The Real Kamala Harris Crashes Last ‘SNL’ Before Election Day

LIVE FROM THE CAMPAIGN TRAIL

The vice president made a surprise appearance on “Saturday Night Live” with just three days to go in the race. “I don’t really laugh like that, do I?” she asked.

Kamala Harris
NBC/screengrab

After rallying in North Carolina on Saturday, Vice President Kamala Harris diverted Air Force Two from an expected landing in Michigan to New York City to make a last-minute appearance in the cold open of the final episode of Saturday Night Live before Election Day.

After James Austin Johnson’s Donald Trump spent a few minutes “running on fumes” and fellating the microphone in his orange garbage truck vest, Maya Rudolph’s Harris shared her disgusted reactions.

But the show saved the main event for the final moments of the sketch, when the real Kamala Harris showed up in the dressing room mirror to give her fictional self a pep talk. And she has never looked happier.

“It is nice to see you, Kamala,” Harris told her SNL doppelgänger. “I’m just here to remind you: You got this, because you can do something your opponent cannot do.
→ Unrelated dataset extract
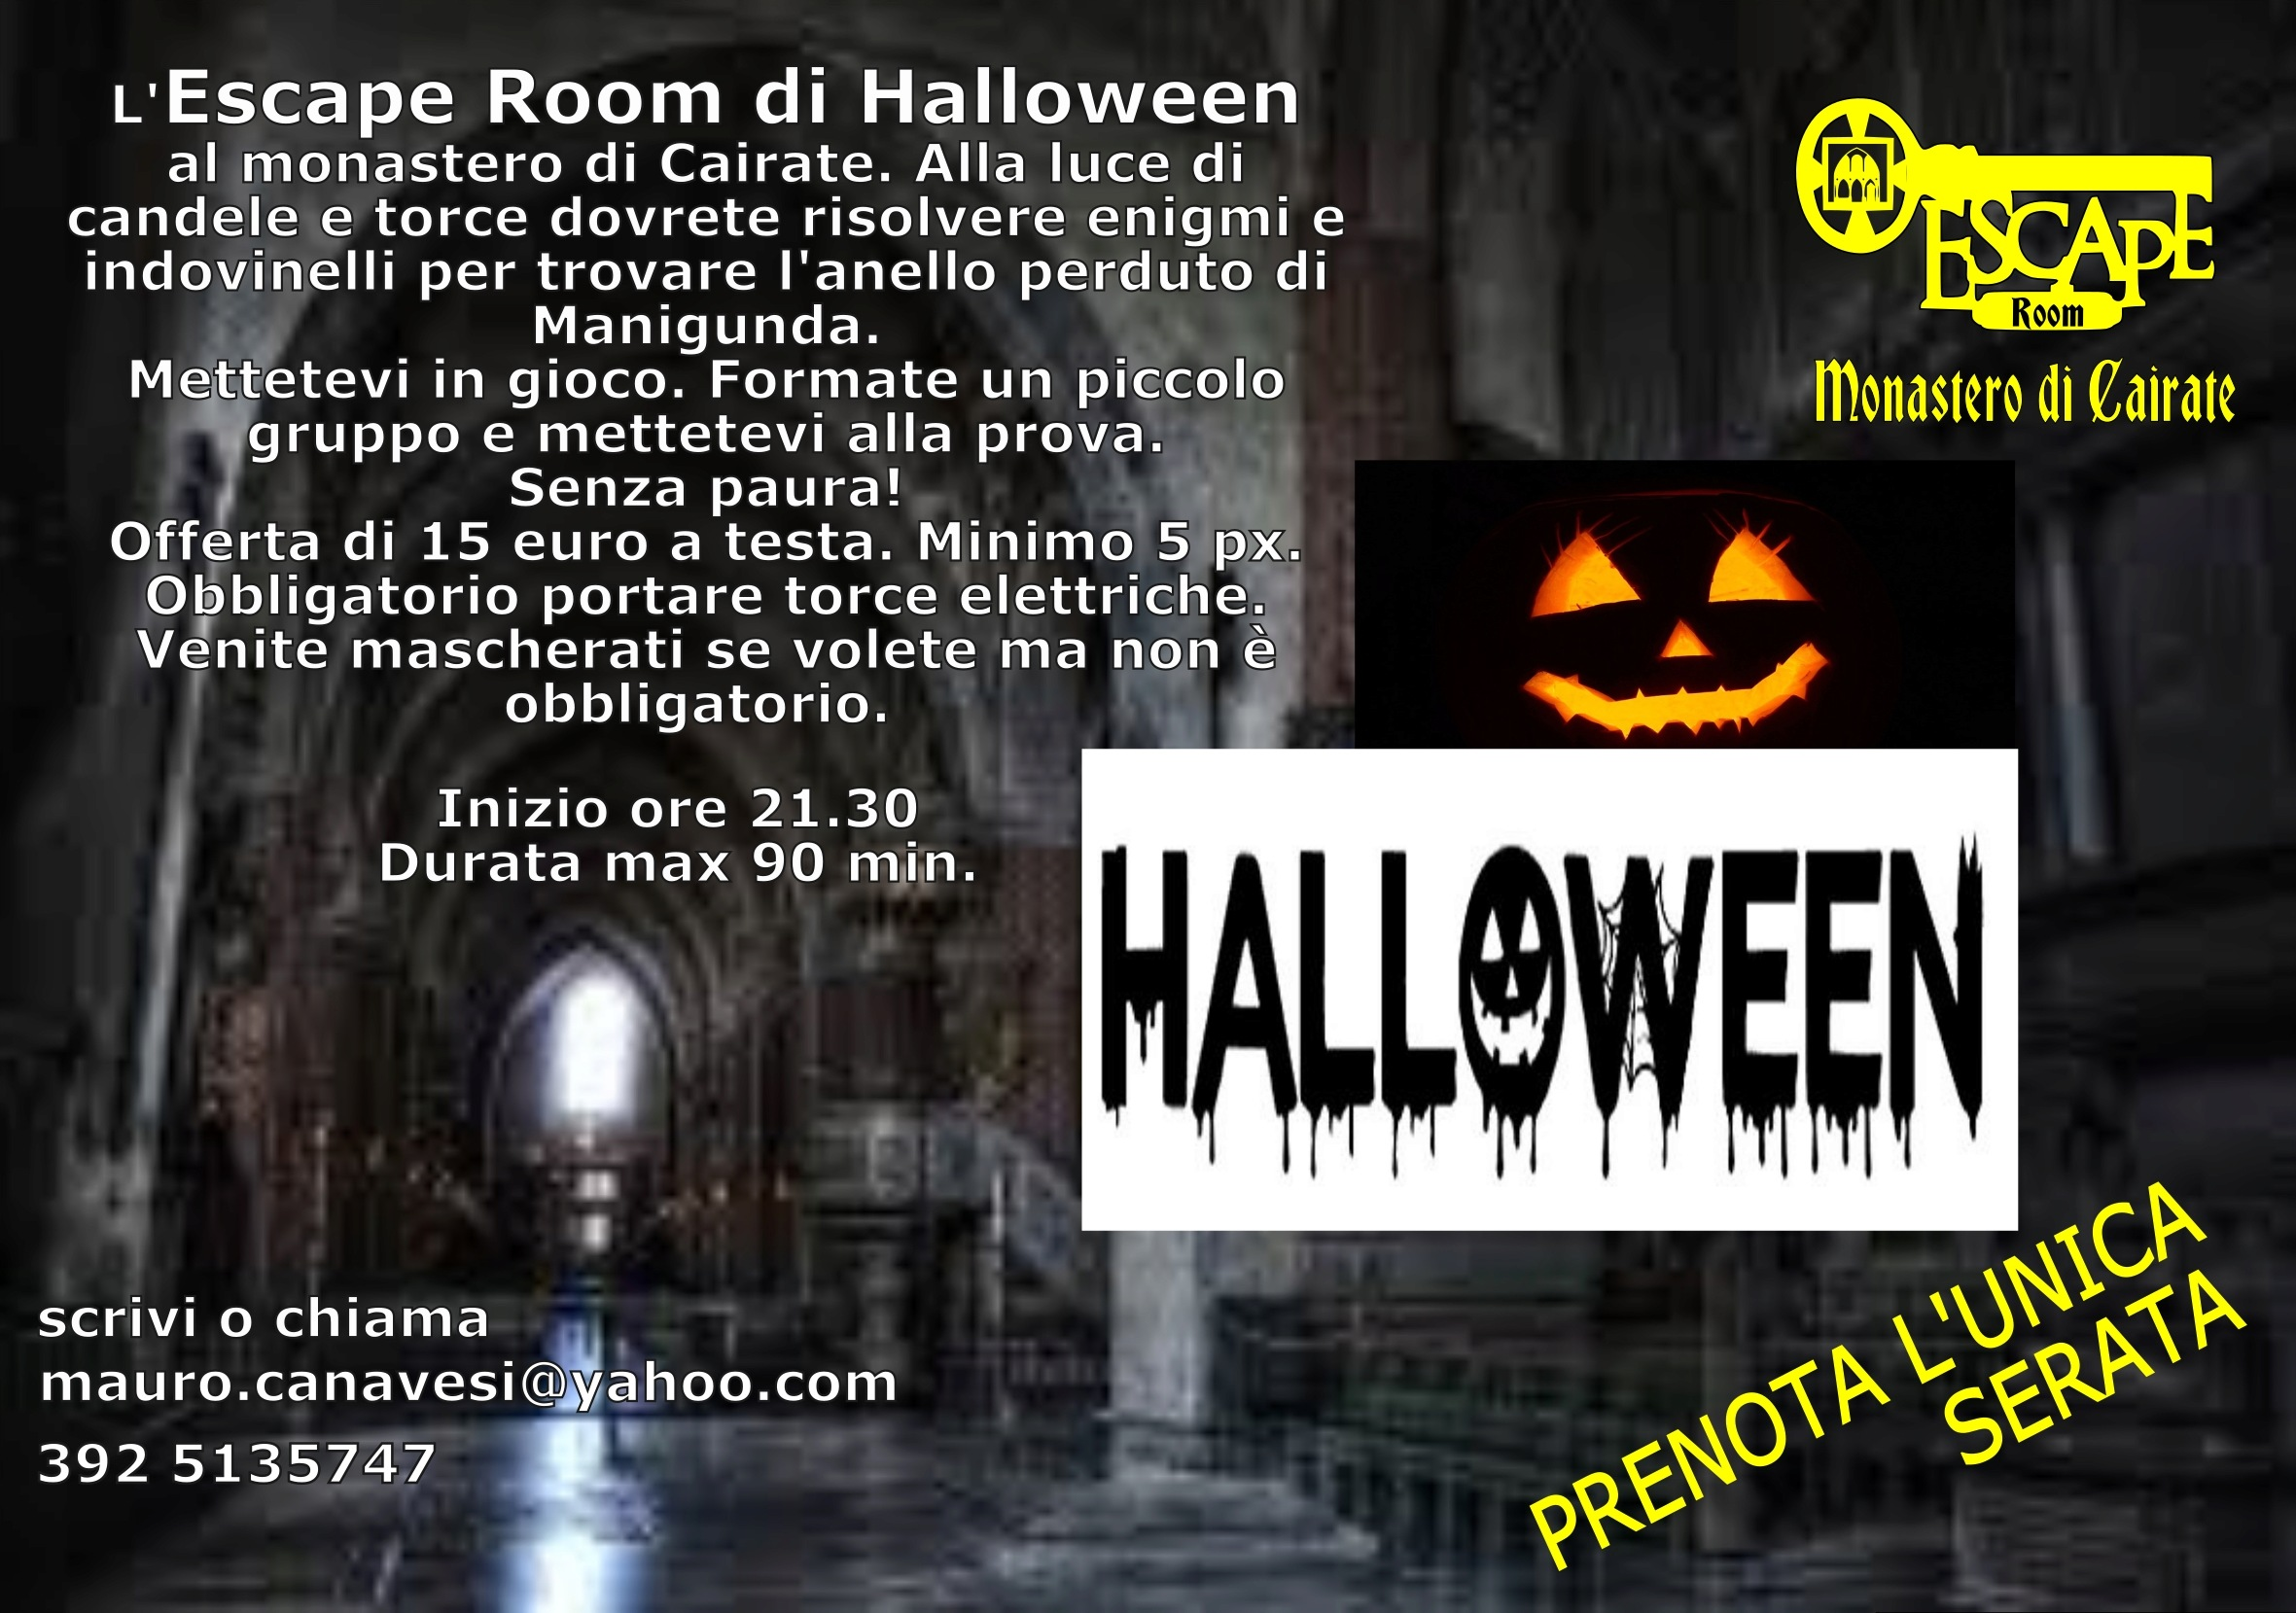 Halloween - ESCAPE ROOM Escape10
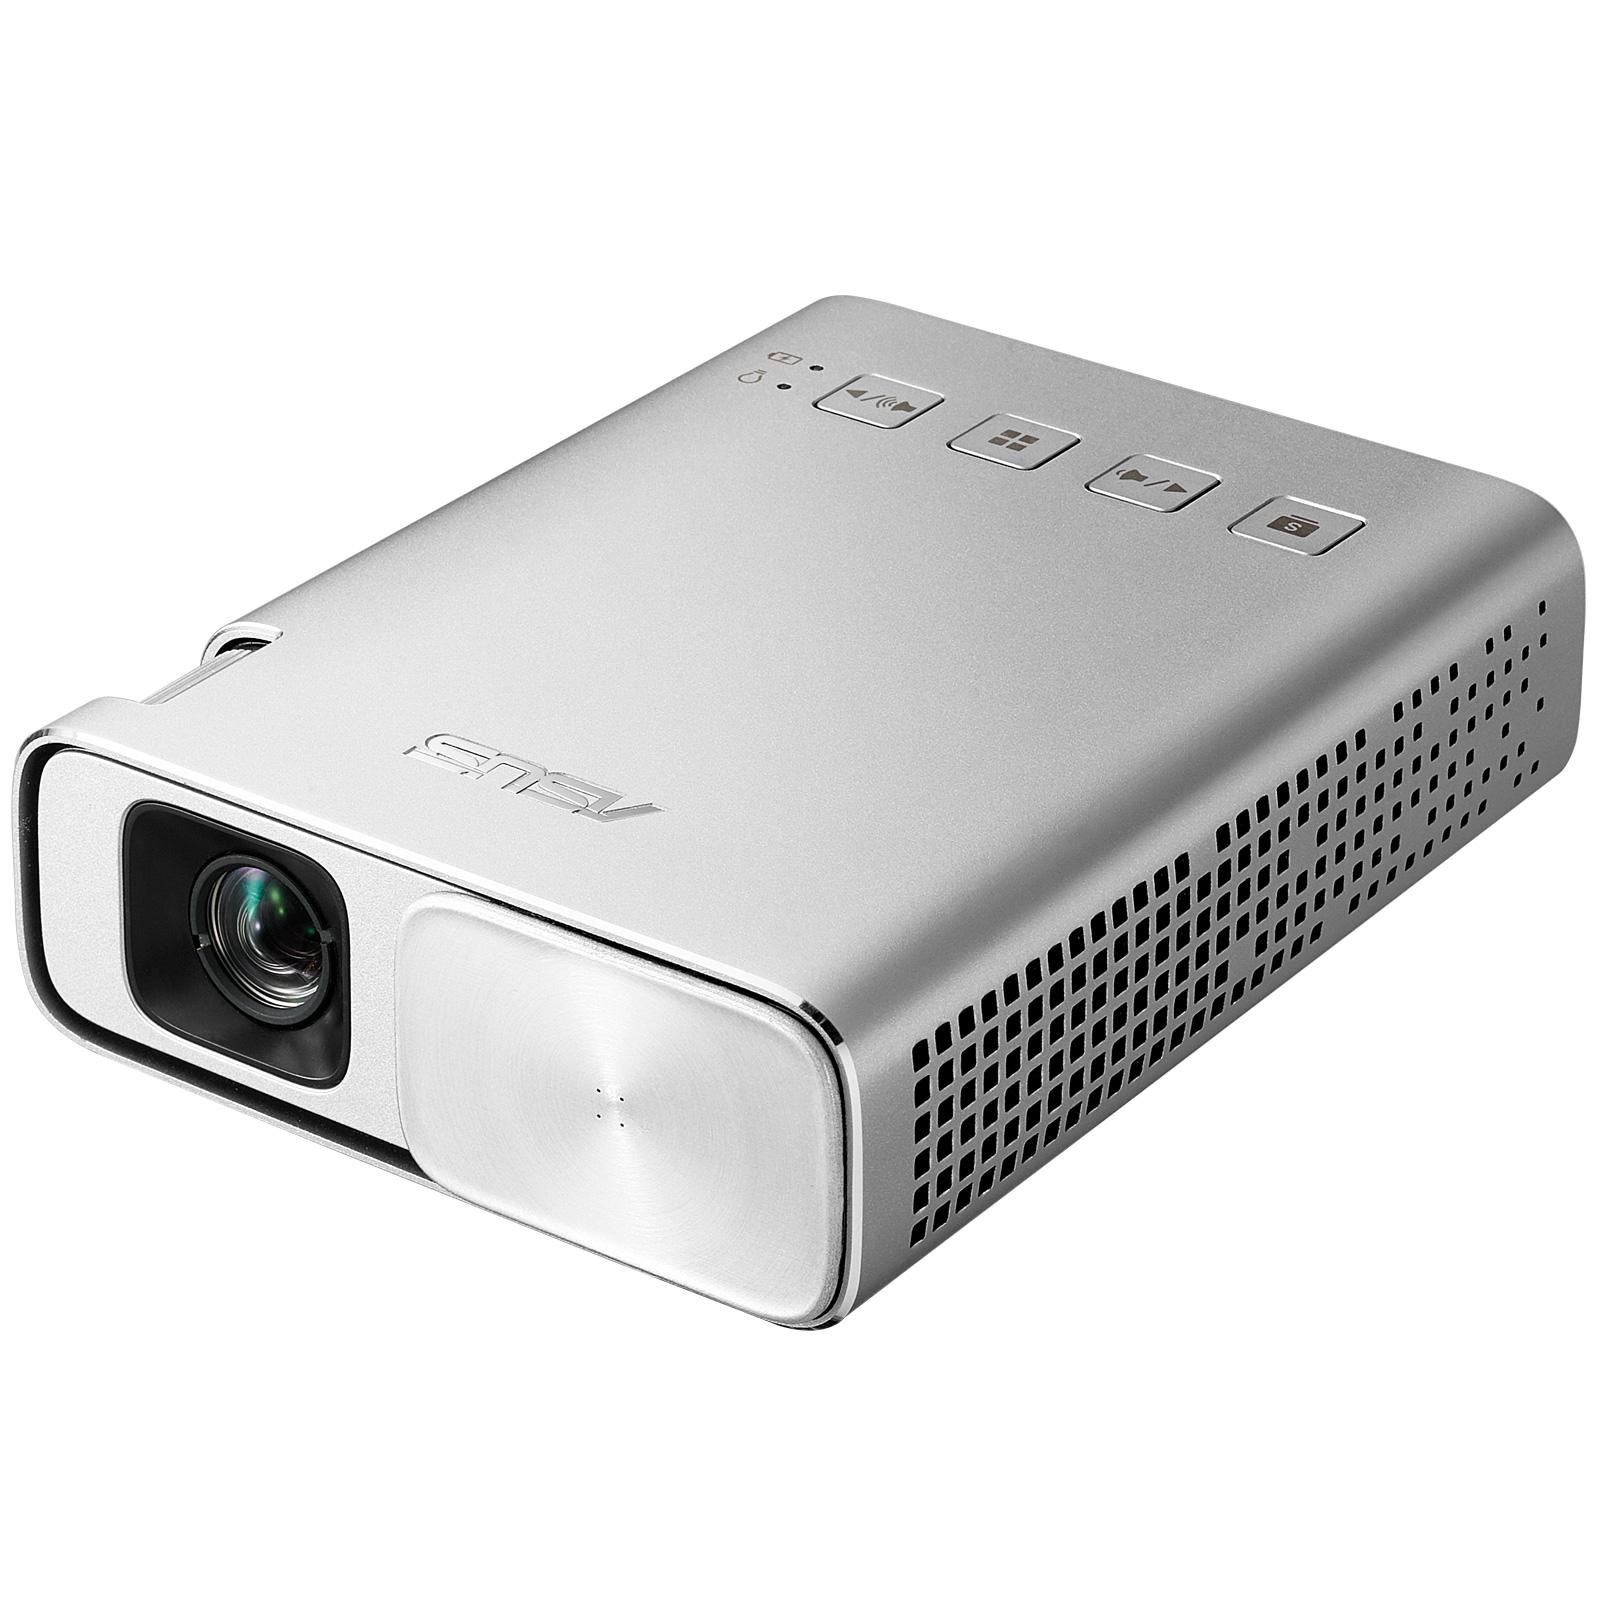 ASUS ZenBeam E1 Portable projector 150ANSI lumens DLP WVGA (854x480) Silver data projector

You can open doors.”

In response to the joke, which referenced Trump’s recent campaign stunt where he struggled to open a garbage truck door, Rudolph did an impression of Harris’ laugh.

Harris asked, “I don’t really laugh like that, do I?” And Rudolph answered, “A little bit.”

From there, the two went back and forth telling each other Kamala-based puns: “The American people want to stop the chaos and end the dramala,” Harris said, later adding, “Like Legally Blonde-ala.”

Rudolph agreed, adding, “Get back in our pajamalas, and watch a rom-comala.”

The sketch soon left the mirror format, with Rudolph and Harris standing side by side.

“I’m gonna vote for us,” Rudolph said.

“Great,” Harris said. “Any chance you’re registered in Pennsylvania?”

The cameo called to mind Hillary Clinton’s appearance as “Val the bartender” alongside her impressionist, Kate McKinnon, in October of 2015—more than a year before she lost the 2016 election to Trump.

But the last presidential candidate to appear on the show so close to a general election was John McCain, who popped up with Tina Fey’s Sarah Palin on the Saturday before he lost to Barack Obama in 2008.

In that sketch, McCain all but admitted he knew he was going down as Fey turned to the camera and started hawking “Palin 2012″ T-shirts.

Harris’ joyful appearance across the mirror from Rudolph struck a very different tone as the two women laughed together in the midst of what seems to be a Trump campaign meltdown, following his hate-filled Madison Square Garden rally just a few city blocks away less than one week ago.